- **YOUR OBJECTIVE**
In the material below, write out each line word for word and omit the pictures.

- **INFORMATION PROVIDED**
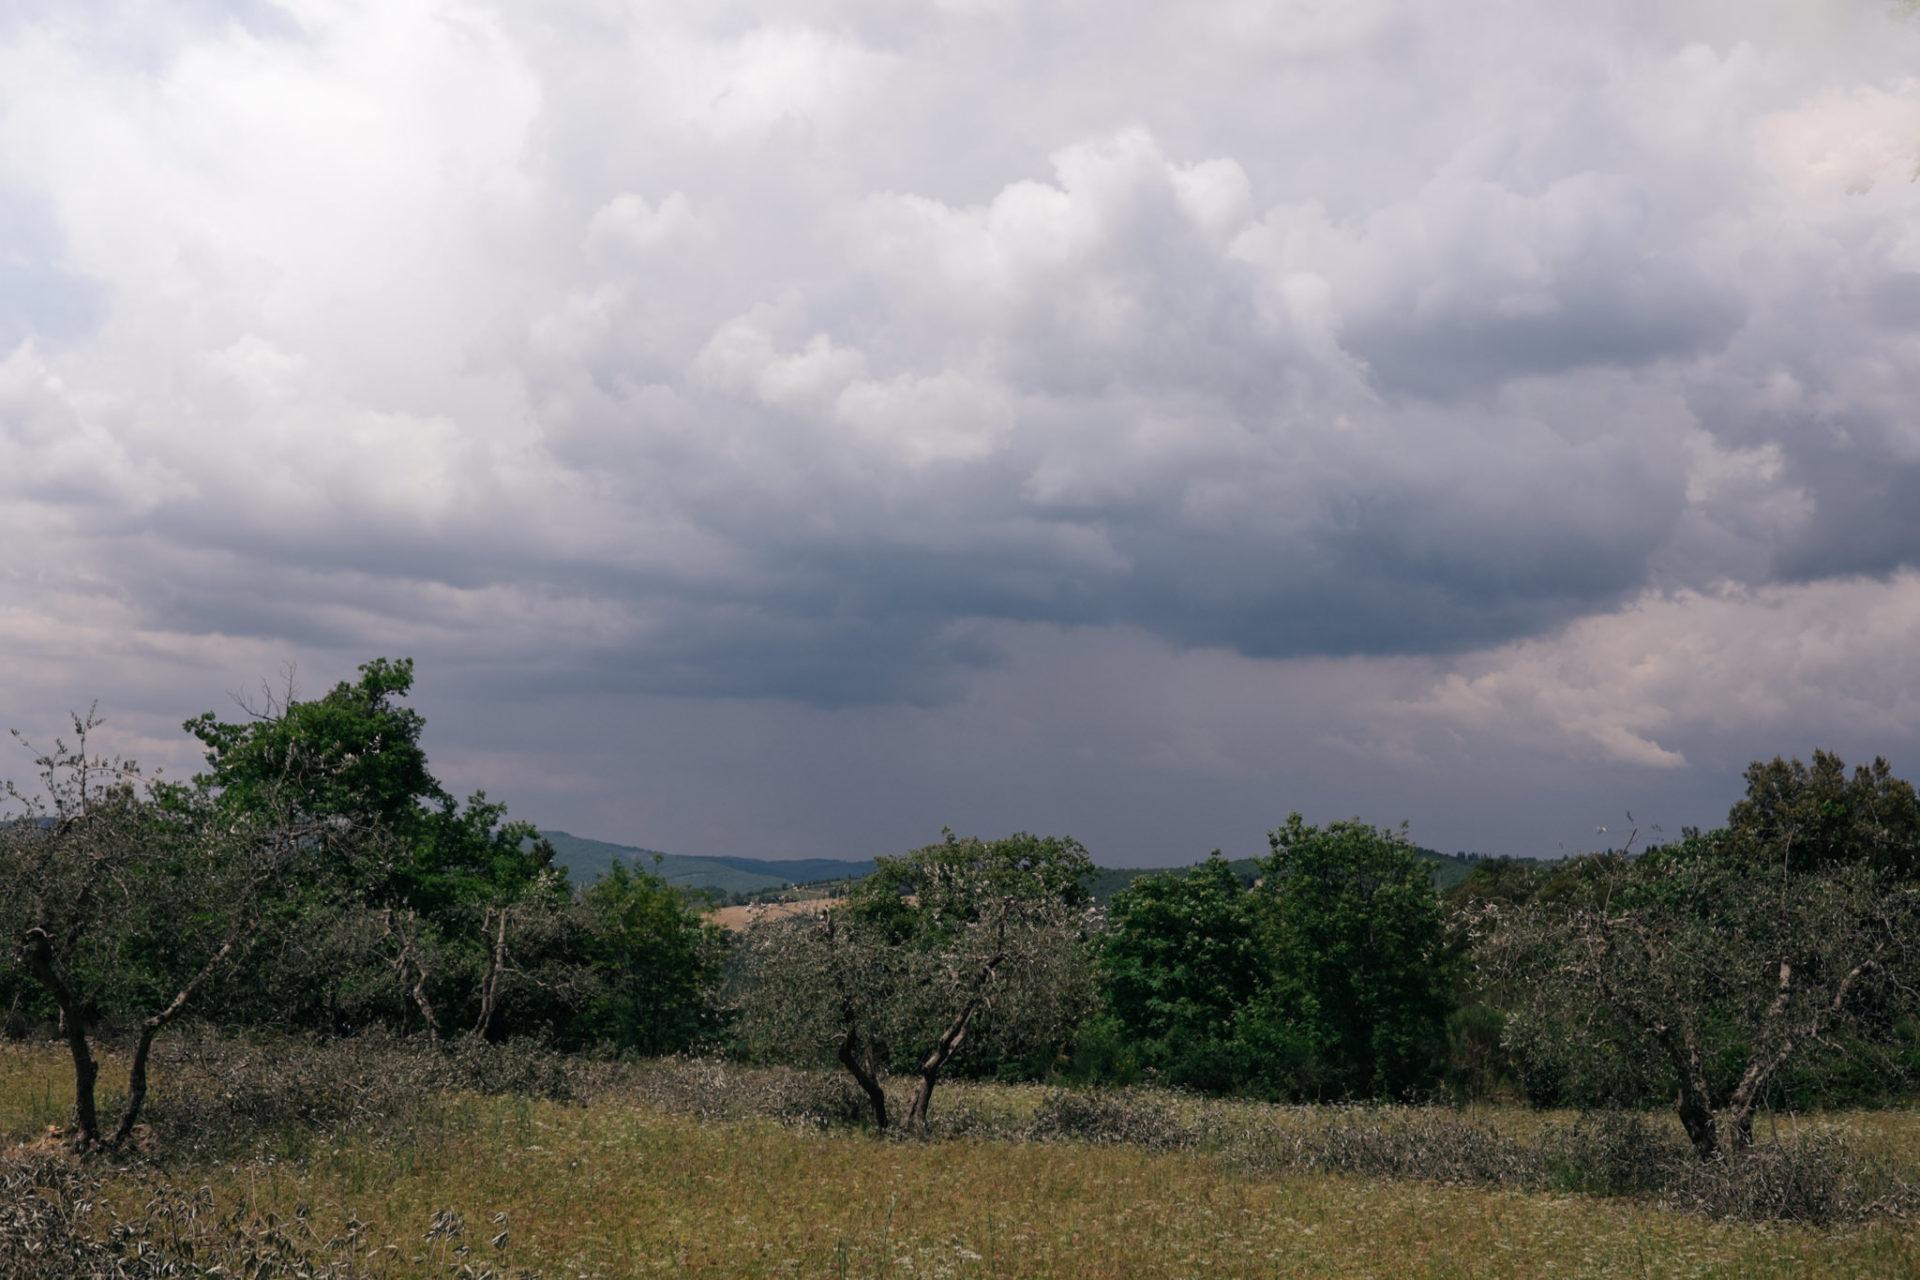 wedding photographer tuscany-italy road trip with dog-chianti region hiking
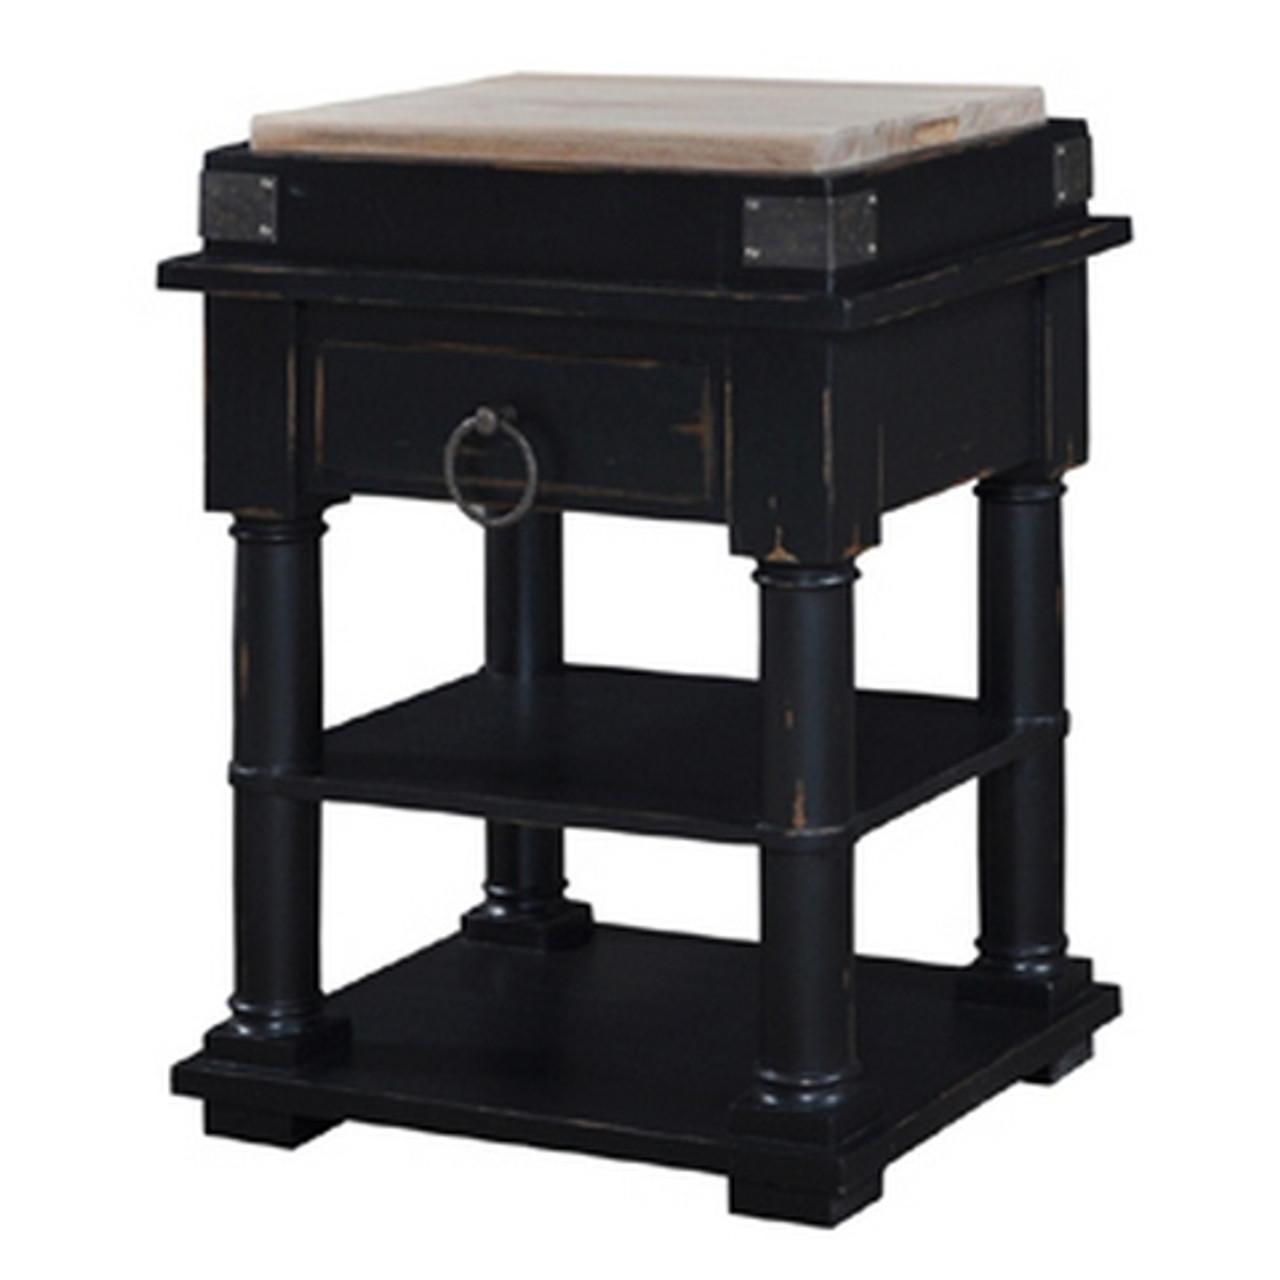 Cortland Kitchen Island On Coasters Size 90h X 70w X 60d Cm Furniture Kitchen Butcher Block
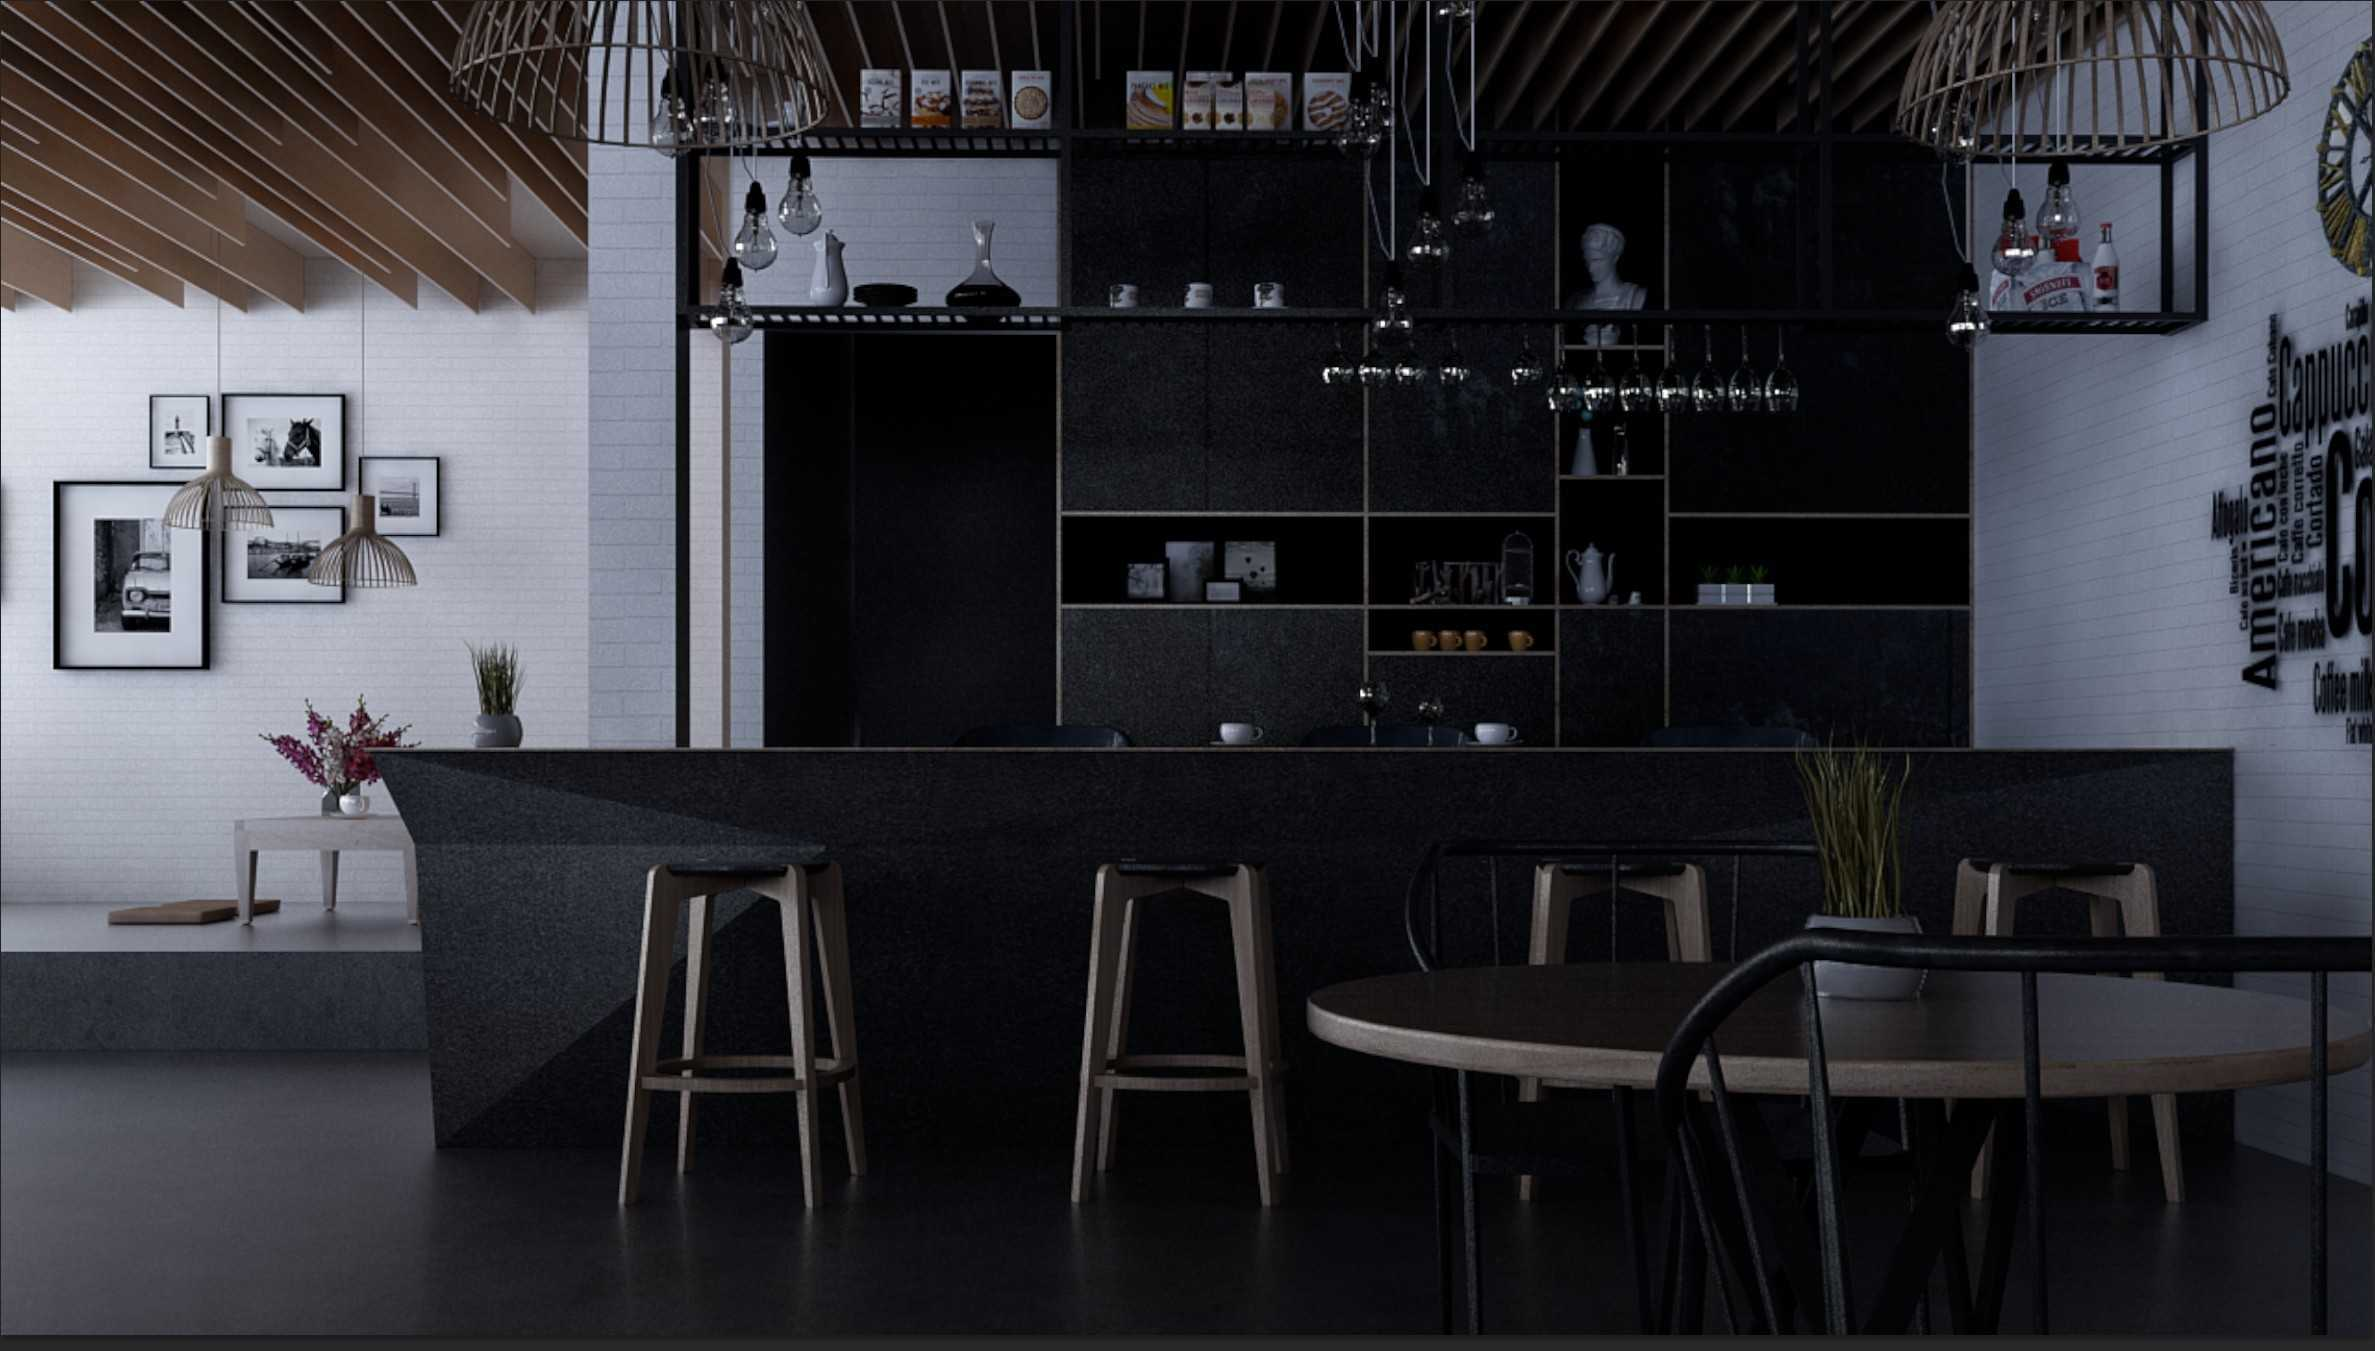 Jr Design Coffee Shop Medan, Medan City, North Sumatra, Indonesia Medan, Medan City, North Sumatra, Indonesia Img0531 Industrial  32080

- **ANSWER SPACE**
 wedding photographer tuscany-italy road trip with dog-chianti region hiking
 Cortland Kitchen Island On Coasters Size 90h X 70w X 60d Cm Furniture Kitchen Butcher Block
 Jr Design Coffee Shop Medan, Medan City, North Sumatra, Indonesia Medan, Medan City, North Sumatra, Indonesia Img0531 Industrial  32080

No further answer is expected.